Оставалось смеяться.

—Ну,—улыбнулся я,—я же русский, а мы, как известно, прирожденные рабы. Не понимаем, зачем свобода...

Я еще не договорил, а уже успел увидеть, что шутка не удалась. Наоборот. Ее глаза наконец-то полыхнули сухим гневом, а побелевшие губы затряслись. То, что русские—рабы, было для нее столь непреложной истиной, что она вовсе не почувствовала шутки. И поняла меня так: я бы давно от тебя ушел, если б у меня хватило духу. Хотя я сказал совсем не это, а то, что сказал: мне не нужна свобода, состоящая в предательстве.
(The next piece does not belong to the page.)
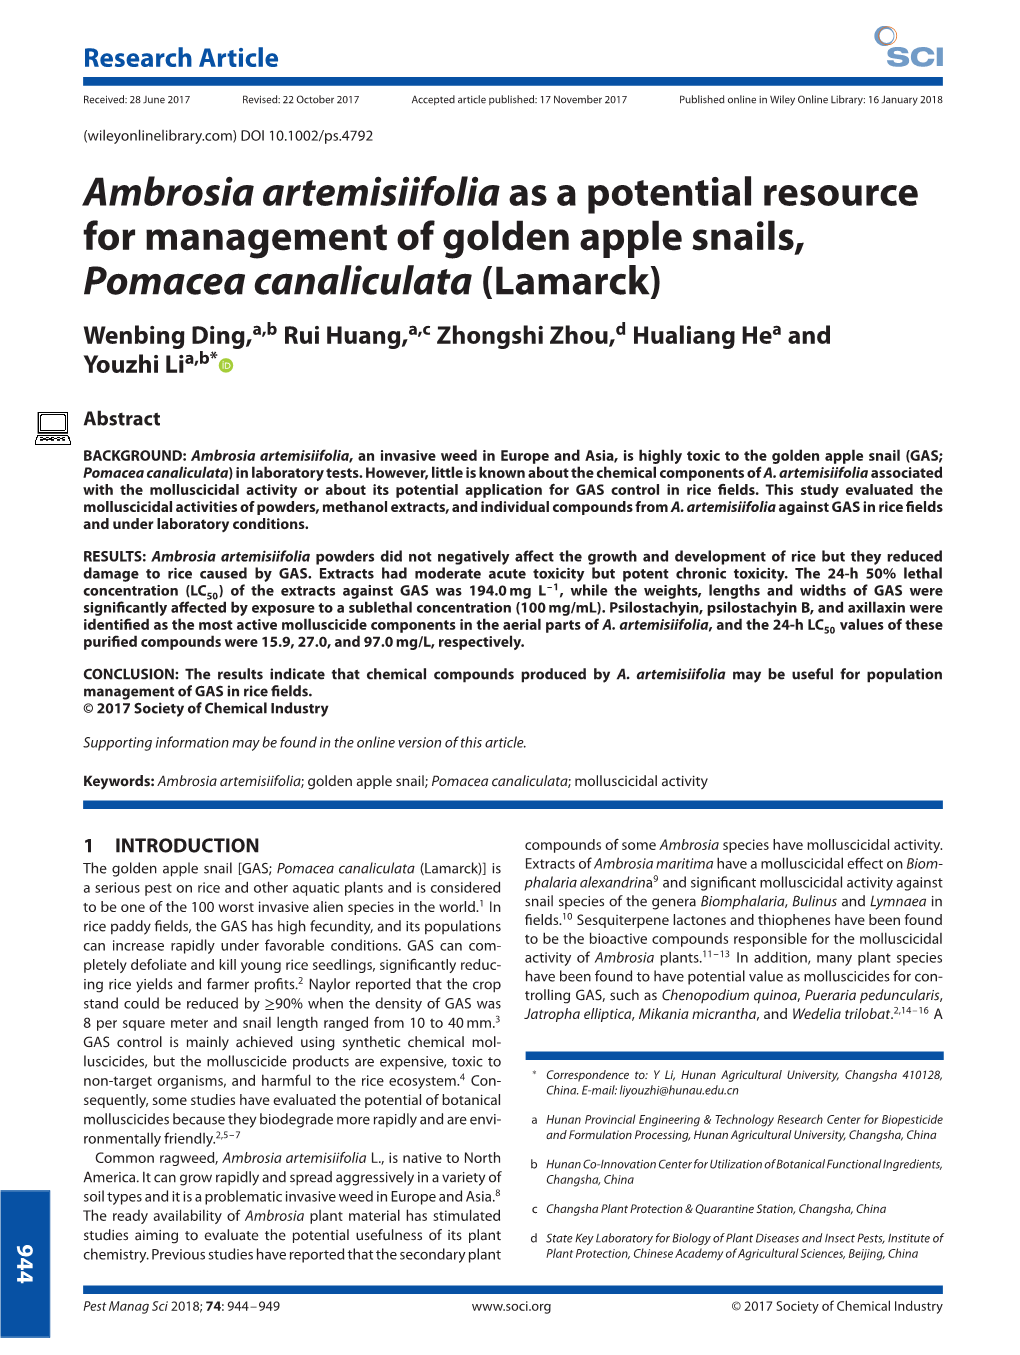 Ambrosia Artemisiifolia As a Potential Resource for Management of Golden

Это ведь и будет лишь предательство, а не свобода.

—Лучше бы ты мне изменил,—ответила она негромко, с ледяной яростью.—По крайней мере, мне было бы за что тебя ненавидеть.
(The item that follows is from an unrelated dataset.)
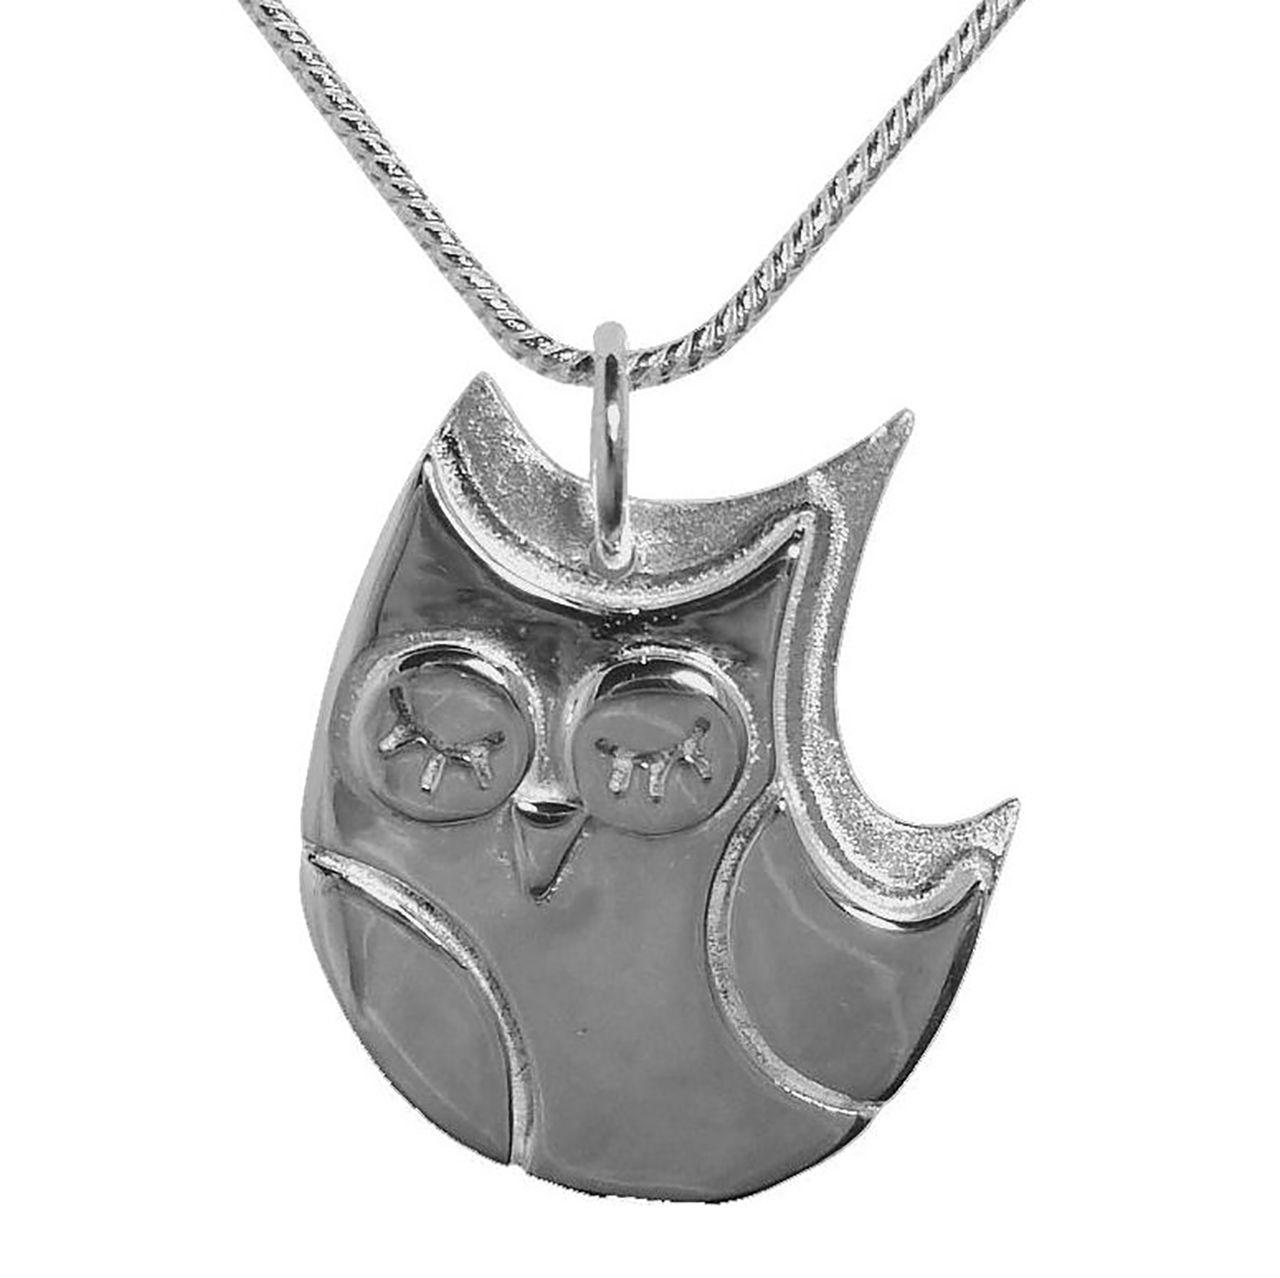 Silver Plated Owl Necklace

Мне стало так жутко, что пересохло в горле.

Самая страшная, самая неутолимая ненависть—это ненависть ни за что, ненависть за все. Ненависть оттого, что думаешь, будто к тебе снисходят. Оттого, что не можешь ответить смирением на смирение, великодушием на великодушие, преданностью на преданность и породненностью на породненность; а тот, кто все это каким-то непонятным образом с легкостью может, маячит рядом и вовсе не манит как пример, а жжет, точно непрестанный укор, неутомимое напоминание, нескончаемая издевка судьбы: не можешь! не можешь! я могу, а ты не можешь!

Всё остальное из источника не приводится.